Однако новое «приглашение» в СБ не вызывало ничего, кроме холодного бешенства. Он соблюдал свои обязательства, не нарушил ни единого закона и выдал абсолютно правдивую, подтвержденную информацию. Кроме того, теперь, спустя два дня после публикации материала, даже СБ не отрицала: пожары продолжаются, их случилось уже четыре. Даже если бы Каль ничего не написал, это стало бы известно – слишком много людей своими глазами их видели. Все, что он сделал – первым опубликовал сенсацию и расписал, чем это грозит. Да, поязвил немного насчет Службы безопасности – но ведь это не противозаконно, и небезосновательно.
Страх, однако, заколол с новой силой, и под желудком и в горле. Неужели Яльсикар окончательно потерял чувство меры и справедливости, окрыленный победой над ним в прошлый раз? Каль до сих пор не понимал, что помешало Бьякке удалить его тогда – он явно хотел. Запретить ему мог только Ксеар, по политическим соображениям, предполагал Каль. Но наверняка он не знал, как не знали и его источники, аккуратно об этом расспрошенные.
Новое сообщение звякнуло на коммуникаторе. Каль перевернул его, прочитал: «У тебя три минуты». На это раз от Яльсикара лично. Ягиль прикрыл глаза, глубоко вдохнул и перенесся в приемную службы безопасности. И, к своему удивлению, сразу увидел перед собой Бьякку – он стоял возле стойки и что-то жестко втолковывал офицерам. Брови Каля невольно поползли вверх: не каждый день увидишь, как глава СБ лично отдает распоряжения младшему персоналу, да еще посреди приемного зала… Видимо, настали действительно трудные времена.
Созерцая эту картину, Каль внезапно ощутил беспокойство иного рода, чем волнение за себя. Что, если СБ действительно не сможет найти преступника? Что, если пожары превратятся во что-то по-настоящему страшное? Что, если миры действительно исчезнут? Как глупо на фоне происходящего тревожиться об удалении на пять лет, если так может случиться, что ни он, ни другие в одну из ночей не смогут перейти в миры? И не вернутся никогда…

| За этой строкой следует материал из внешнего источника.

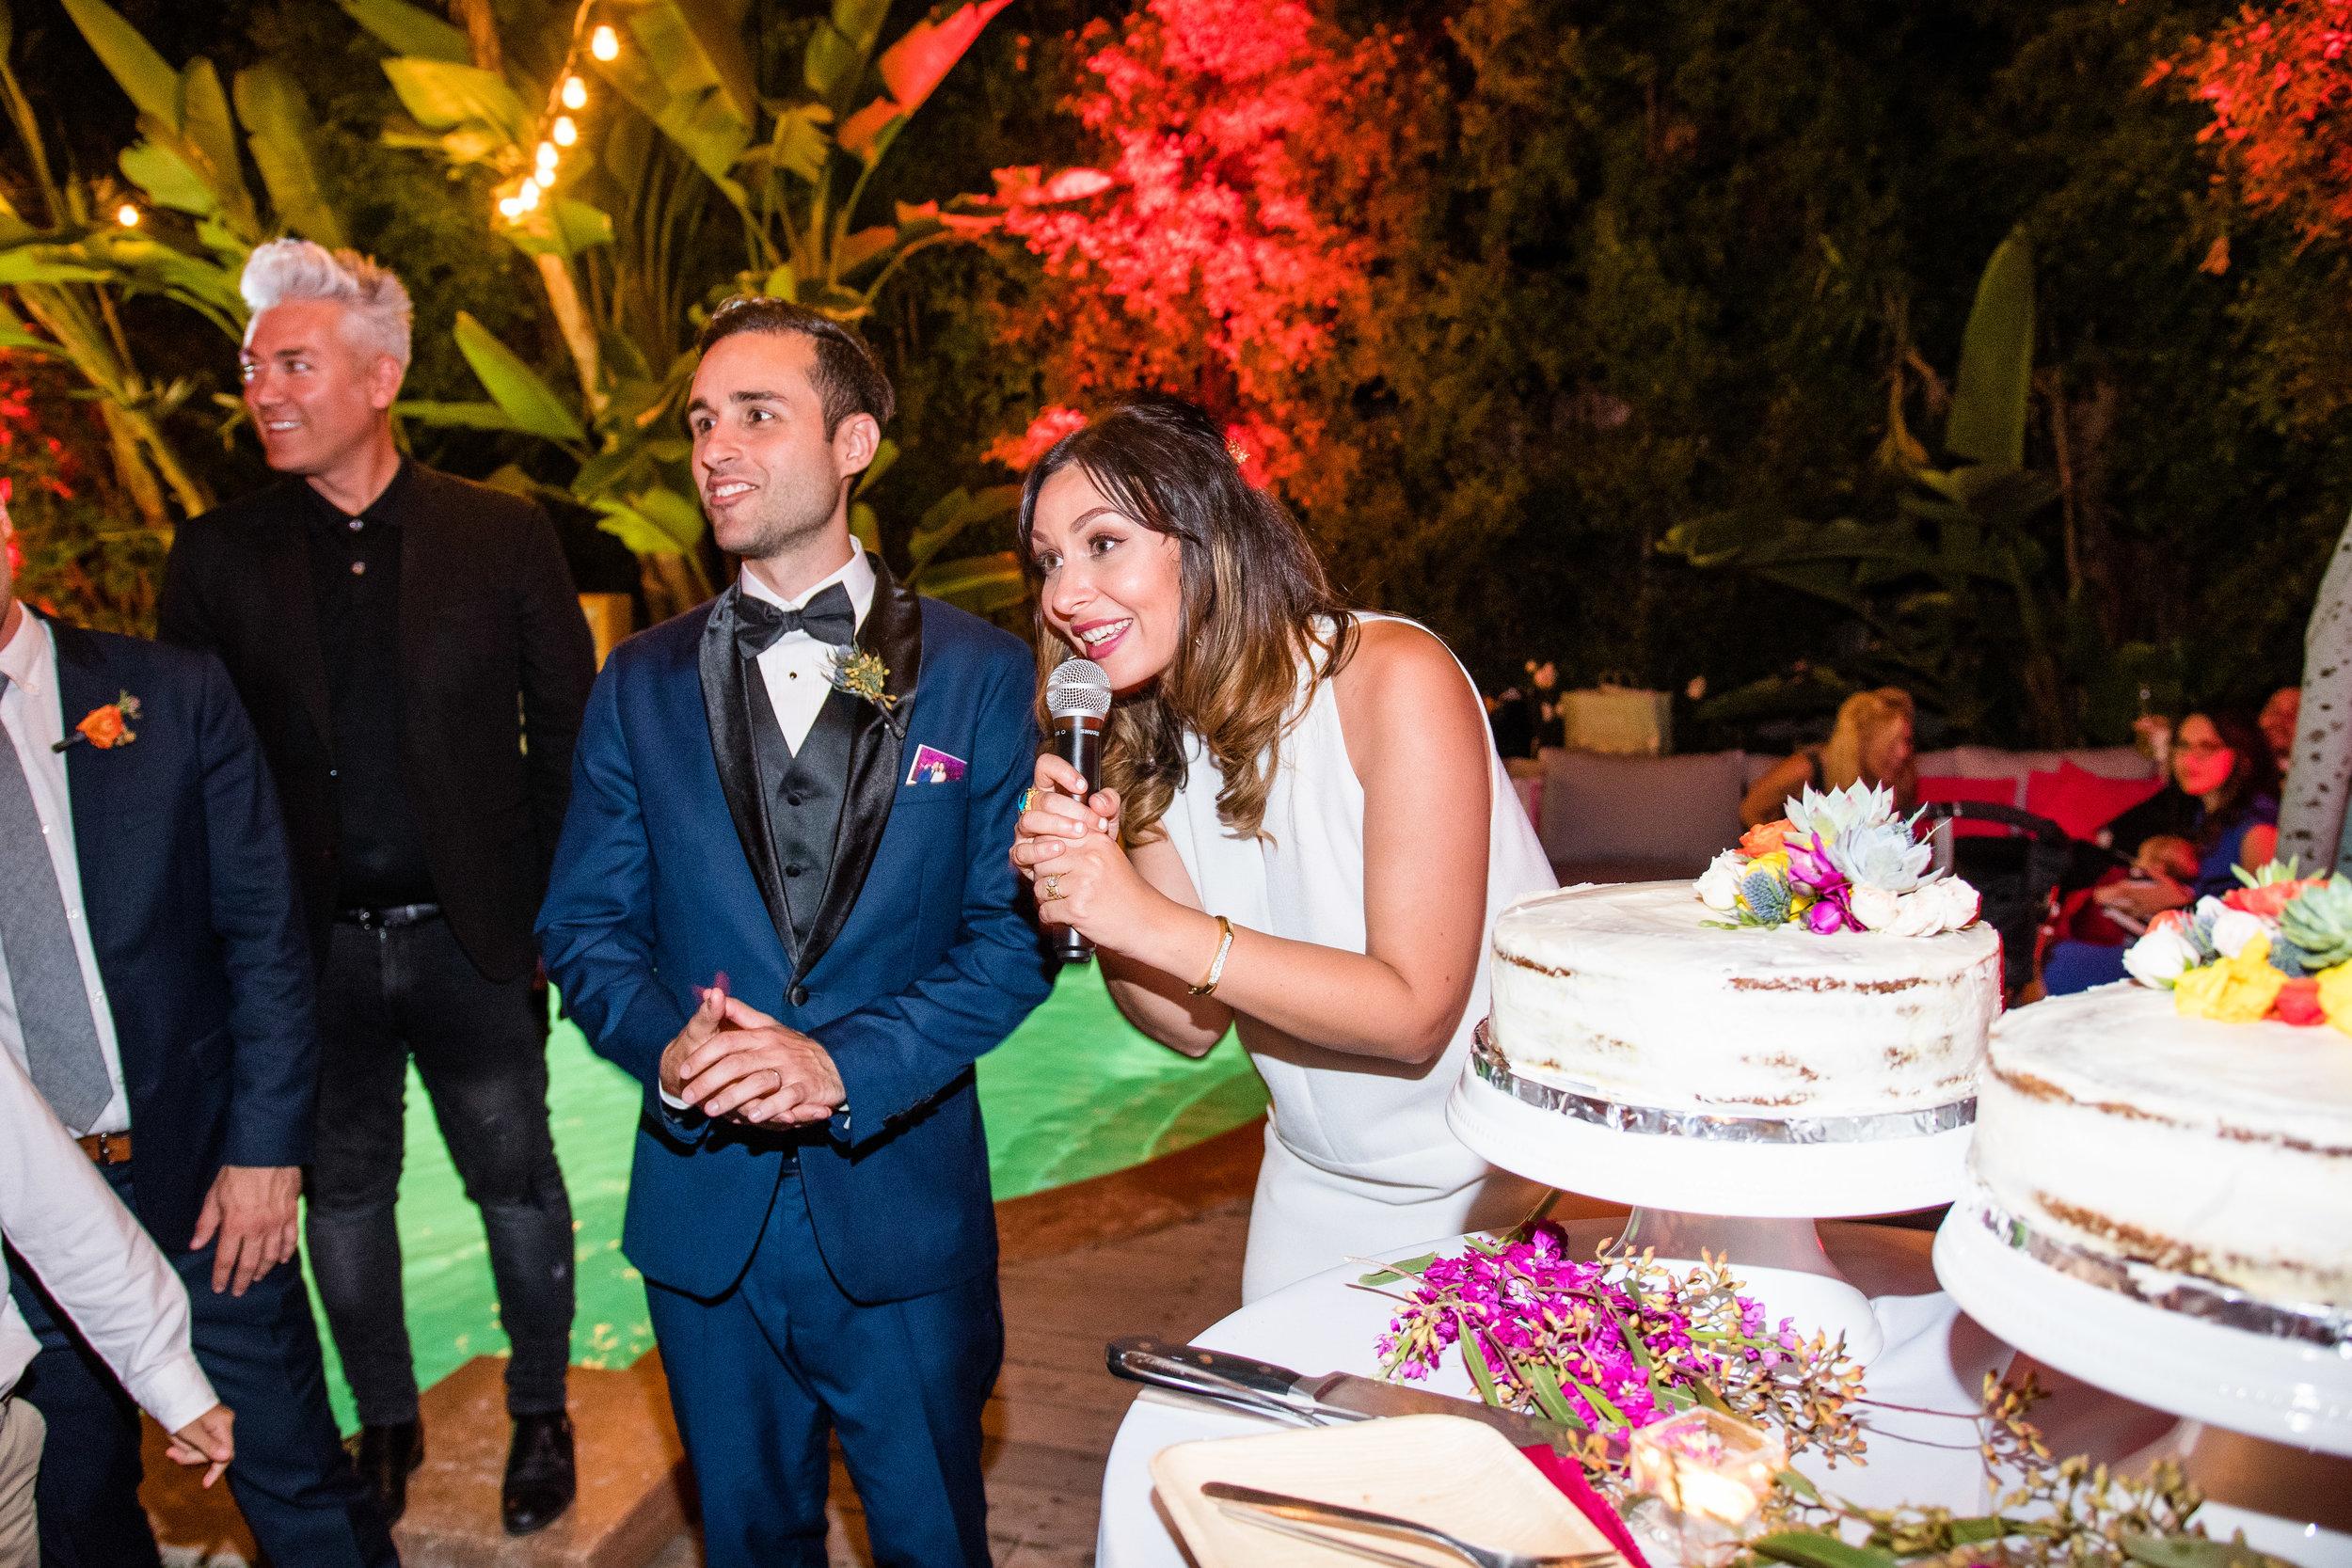 Vibrant Fiesta Backyard Wedding Reception bride and groom making speech at cake cutting.jpg

- Идем, - прозвучало прямо над ухом, и Каль дернулся: оказалось, Яльсикар уже закончил со своими подчиненными и приблизился к нему. Подняв глаза, Каль позволил ему сэкономить время, перенести себя прямо в главный кабинет здания.

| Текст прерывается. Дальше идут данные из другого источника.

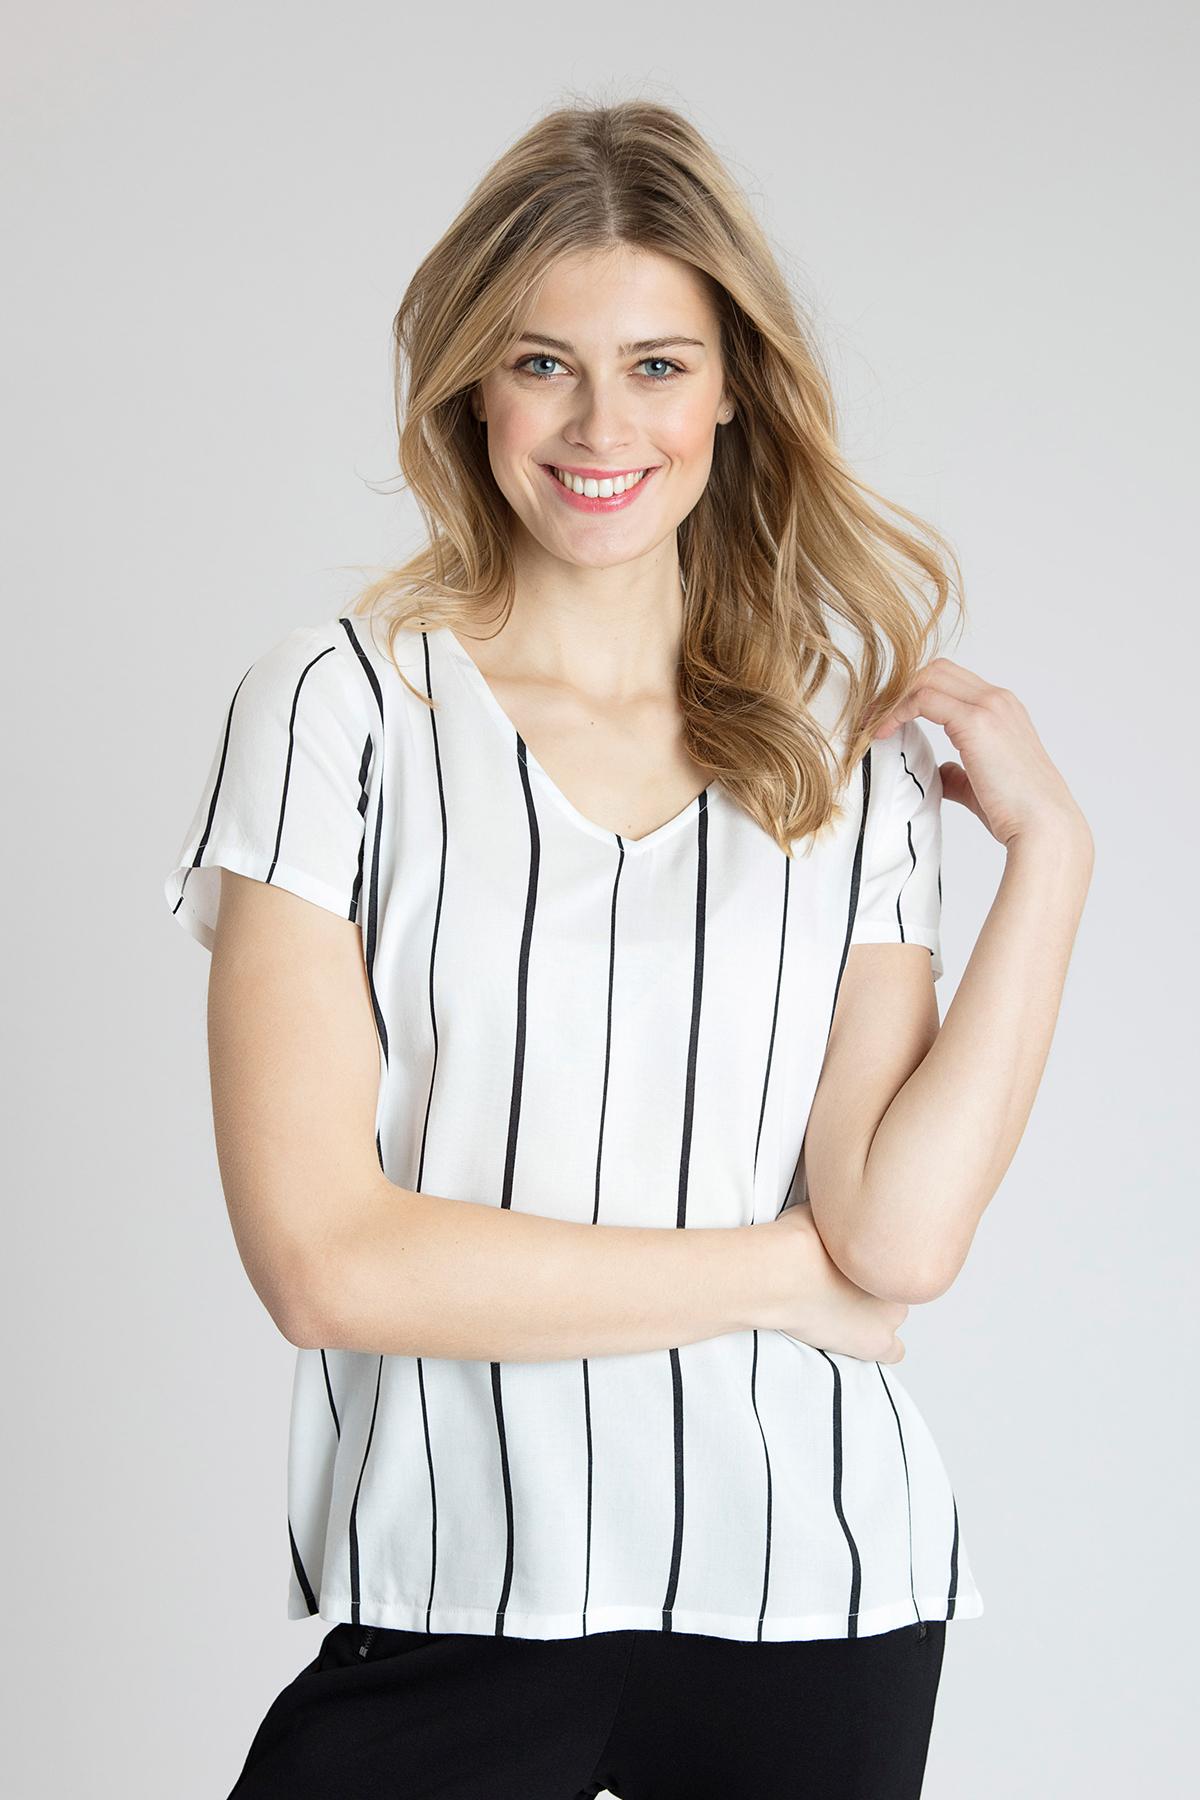 Wollweiss Kurzarm-Bluse von Kaffe – Shoppen SieWollweiss Kurzarm-Bluse ab Gr. 34-46 hier

Это помещение он знал как свои пять пальцев, и ему было известно, что садиться на кресла напротив стола нельзя – Бьякка займет рабочее место и получит психологическое преимущество. Кроме того, перед ним окажется с пару десятков информационных мониторов, на которые он будет без конца отвлекаться и раздражаться. Все, кто не раз вел переговоры с Яльсикаром в этом кабинете, знали: хочешь нормально поговорить – вытащи его из-за стола. Поговорить нормально для Каля сейчас было жизненно необходимо. И он опустился в одно из кресел поближе к небольшому фонтану, где также росли деревца из вмонтированных в пол массивных коробов с землей и травой. Яльсикар подошел к своему столу, посмотрел на каждый из мониторов, что-то написал на коммуникаторе, отключил на нем звук, сунул в карман и подошел к Ягилю, заняв кресло напротив, и только тогда поднял глаза:
- Мне нужен твой источник. Это просьба Ксеара. Под гарантию, что его не накажут, он даже не узнает.

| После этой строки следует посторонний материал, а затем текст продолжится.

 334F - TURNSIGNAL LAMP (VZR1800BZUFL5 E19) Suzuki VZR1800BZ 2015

- Хотите невзначай перекрыть ему кислород?
- Типа того.
Лицо опытного журналиста озарилось улыбкой. Иначе, как шутку, он воспринимать такое требование не мог. Они знали друг друга сто лет, без преувеличения, даже больше. Яльсикар не мог не понимать, что даже удаление не могло вынудить Каля Ягиля выдать источник.
- На самом деле у меня три источника, иначе не было бы статьи. И ни один ты не получишь.
- На самом деле двух я прекрасно знаю, - парировал Бьякка. - И нам обоим известно, что ни один из этих двоих, которым ты звонил три дня назад в пятнадцать часов и пятнадцать тридцать, первоисточником быть не мог. И то, что именно ты им звонил, а не они тебе - лишнее подтверждение. Они ведь ни слова тебе не сказали вдобавок к тому, что ты проверял, просто подтвердили.
Каль насмешливо хмыкнул:
- О-о, прямая слежка – теряешь хватку, Яльсикар. А как же закон, который ты так рьяно защищаешь?
- Я не прослушивал разговоры, ты меня плохо знаешь. Просто поговорил, люди добровольно все рассказали. В отличие от тебя, они осознают, что сейчас безопасность миров важнее чего бы то ни было. Особенно – всяких глупостей вроде защиты людей, которые любят почесать языком и тех, которые, даже услышав о конце света, не расстроятся – лишь бы была возможность первым всем рассказать и напоследок прославиться.
- Ты силен, Бьякка. А уж как грозен, у-у-у, запугал целых двух секретарш, - не реагируя на оскорбления, парировал Каль. Он успокоился и забавлялся: Яльсикар все же не сошел с ума, несмотря ни на что. Он действовал как обычно: соблюдал закон, изредка позволяя себе трактовать его так, как удобно. Давил на людей, запугивал неопытных, добывал от них нужную информацию, чтобы использовать против тех, кто посильнее. Но первоисточника ему днем с огнем не сыскать. Ягиль даже повеселел, сообразив, что Бьякка в этот раз бесится от своей беспомощности.
Глава Службы безопасности взял паузу, сделав вид, что только что получил сообщение, открыл коммуникатор, ответил. Ягиль улыбнулся: он прекрасно знал, что у Бьякки коммуникатор вибрирует от звонков и сообщений каждую минуту, и никакой необходимости срочно отвечать именно на последнее, скорее всего, не было.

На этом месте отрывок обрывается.